AUTHOR=Hua Qian-qian , Lin Xue-jing , Xiang Shi-peng , Jiang Li-ya , Cai Jin-hao , Sun Jian-min , Tan Feng , Mou Ya-ni TITLE=Two small-molecule inhibitors of Toxoplasma gondii proliferation in vitro JOURNAL=Frontiers in Cellular and Infection Microbiology VOLUME=13 YEAR=2023 URL=https://www.frontiersin.org/journals/cellular-and-infection-microbiology/articles/10.3389/fcimb.2023.1145824 DOI=10.3389/fcimb.2023.1145824 ISSN=2235-2988 ABSTRACT=Background

Toxoplasmosis caused by Toxoplasma gondii is a globally distributed zoonosis. Most infections appear asymptomatic in immunocompetent individuals, but toxoplasmosis can be fatal in fetuses and immunocompromised adults. There is an urgent need to research and develop effective and low-toxicity anti-T. gondii drugs because of some defects in current clinical anti-T. gondii drugs, such as limited efficacy, serious side effects and drug resistance.

Methods

In this study, 152 autophagy related compounds were evaluated as anti-T. gondii drugs. The activity of β-galactosidase assay based on luminescence was used to determine the inhibitory effect on parasite growth. At the same time, MTS assay was used to further detect the effects of compounds with over 60% inhibition rate on host cell viability. The invasion, intracellular proliferation, egress and gliding abilities of T. gondii were tested to assess the inhibitory effect of the chosen drugs on the distinct steps of the T. gondii lysis cycle.

Results

The results showed that a total of 38 compounds inhibited parasite growth by more than 60%. After excluding the compounds affecting host cell activity, CGI-1746 and JH-II-127 were considered for drug reuse and further characterized.
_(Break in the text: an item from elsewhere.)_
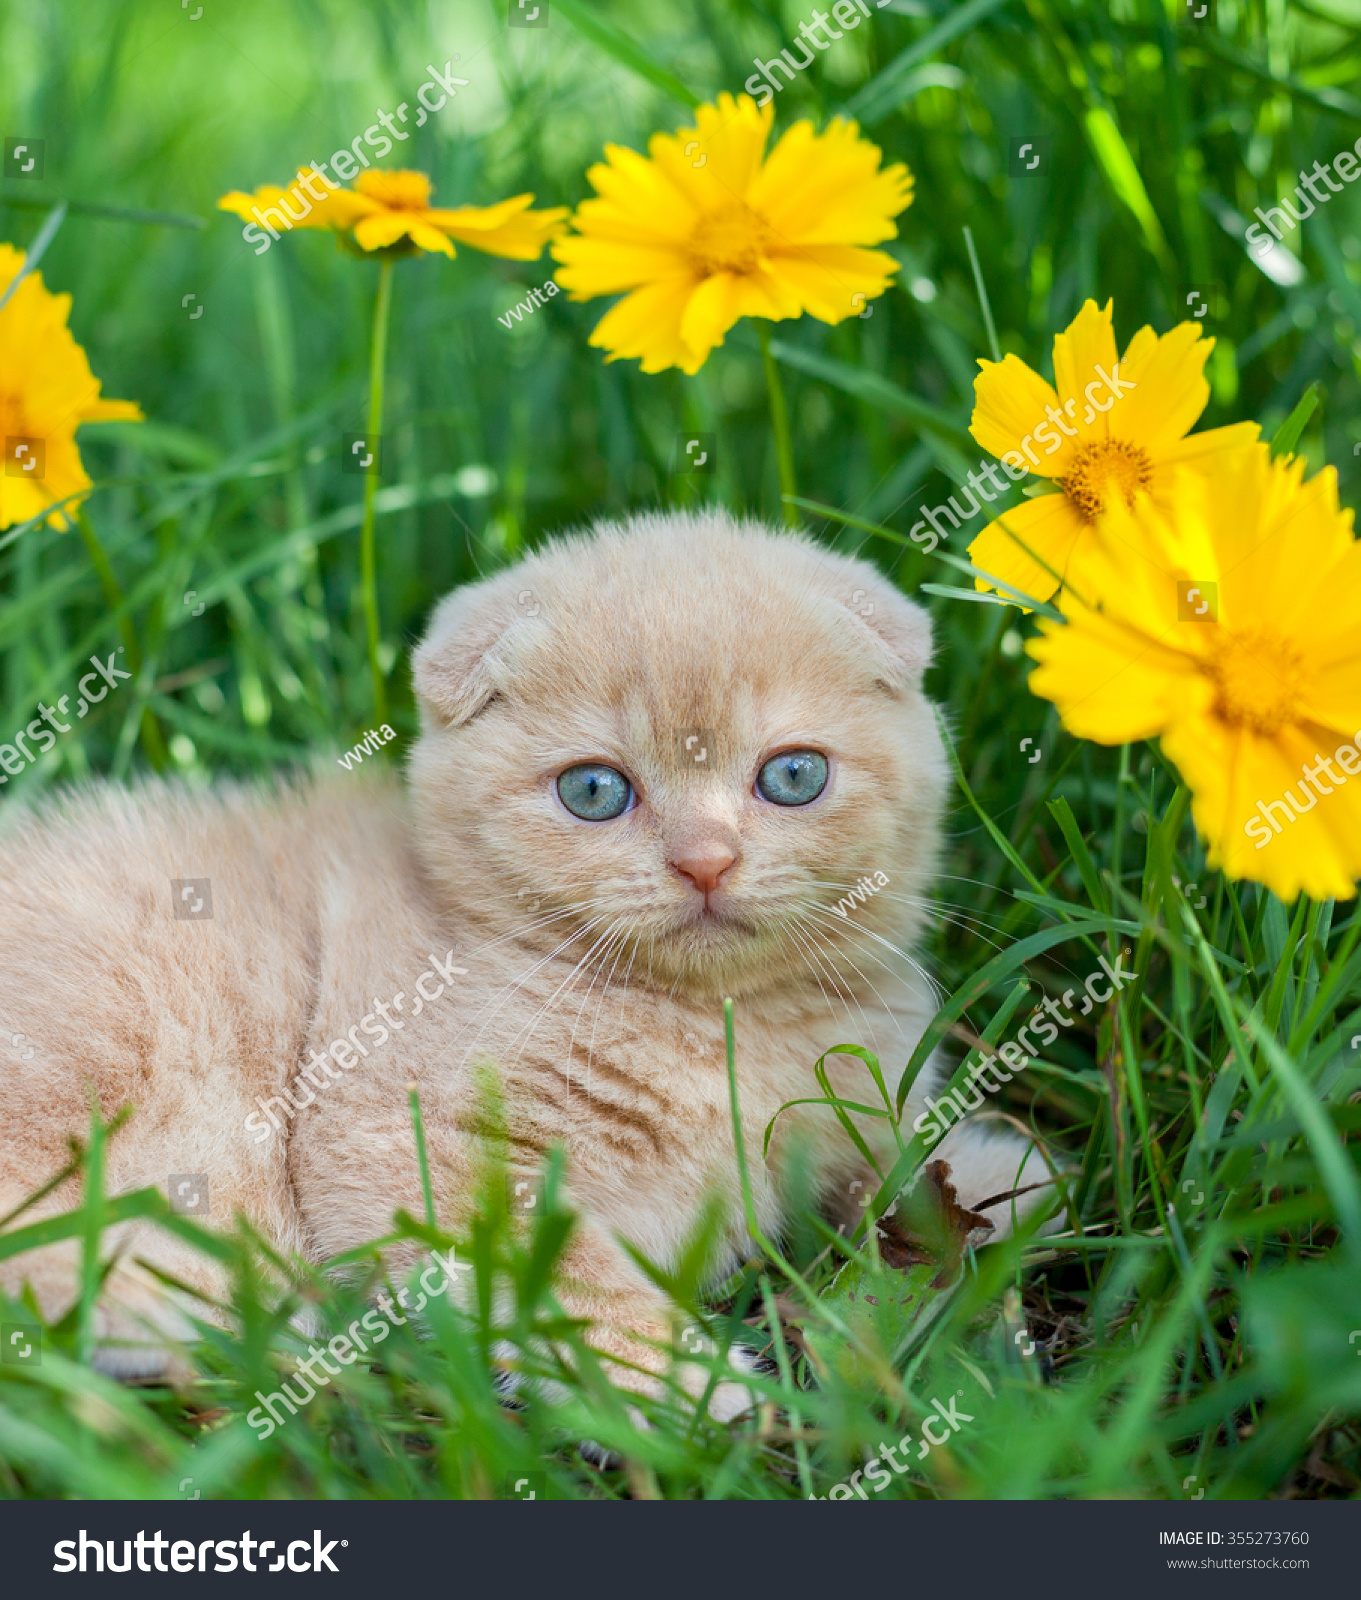 Cute Little Kitten Sitting Flower Meadow Stock Photo 355273760 ...

Both CGI-1746 and JH-II-127 inhibited tachyzoite growth by 60%, with IC50 values of 14.58 ± 1.52 and 5.88 ± 0.23 μM, respectively. TD50 values were 154.20 ± 20.15 and 76.39 ± 14.32 μM, respectively. Further research found that these two compounds significantly inhibited the intracellular proliferation of tachyzoites. Summarize the results, we demonstrated that CGI-1746 inhibited the invasion, egress and especially the gliding abilities of parasites, which is essential for the successful invasion of host cells, while JH-II-127 did not affect the invasion and gliding ability, but seriously damaged the morphology of mitochondria which may be related to the damage of mitochondrial electron transport chain.

Discussion

Taken together, these findings suggest that both CGI-1746 and JH-II-127 could be potentially repurposed as anti-T. gondii drugs, lays the groundwork for future therapeutic strategies.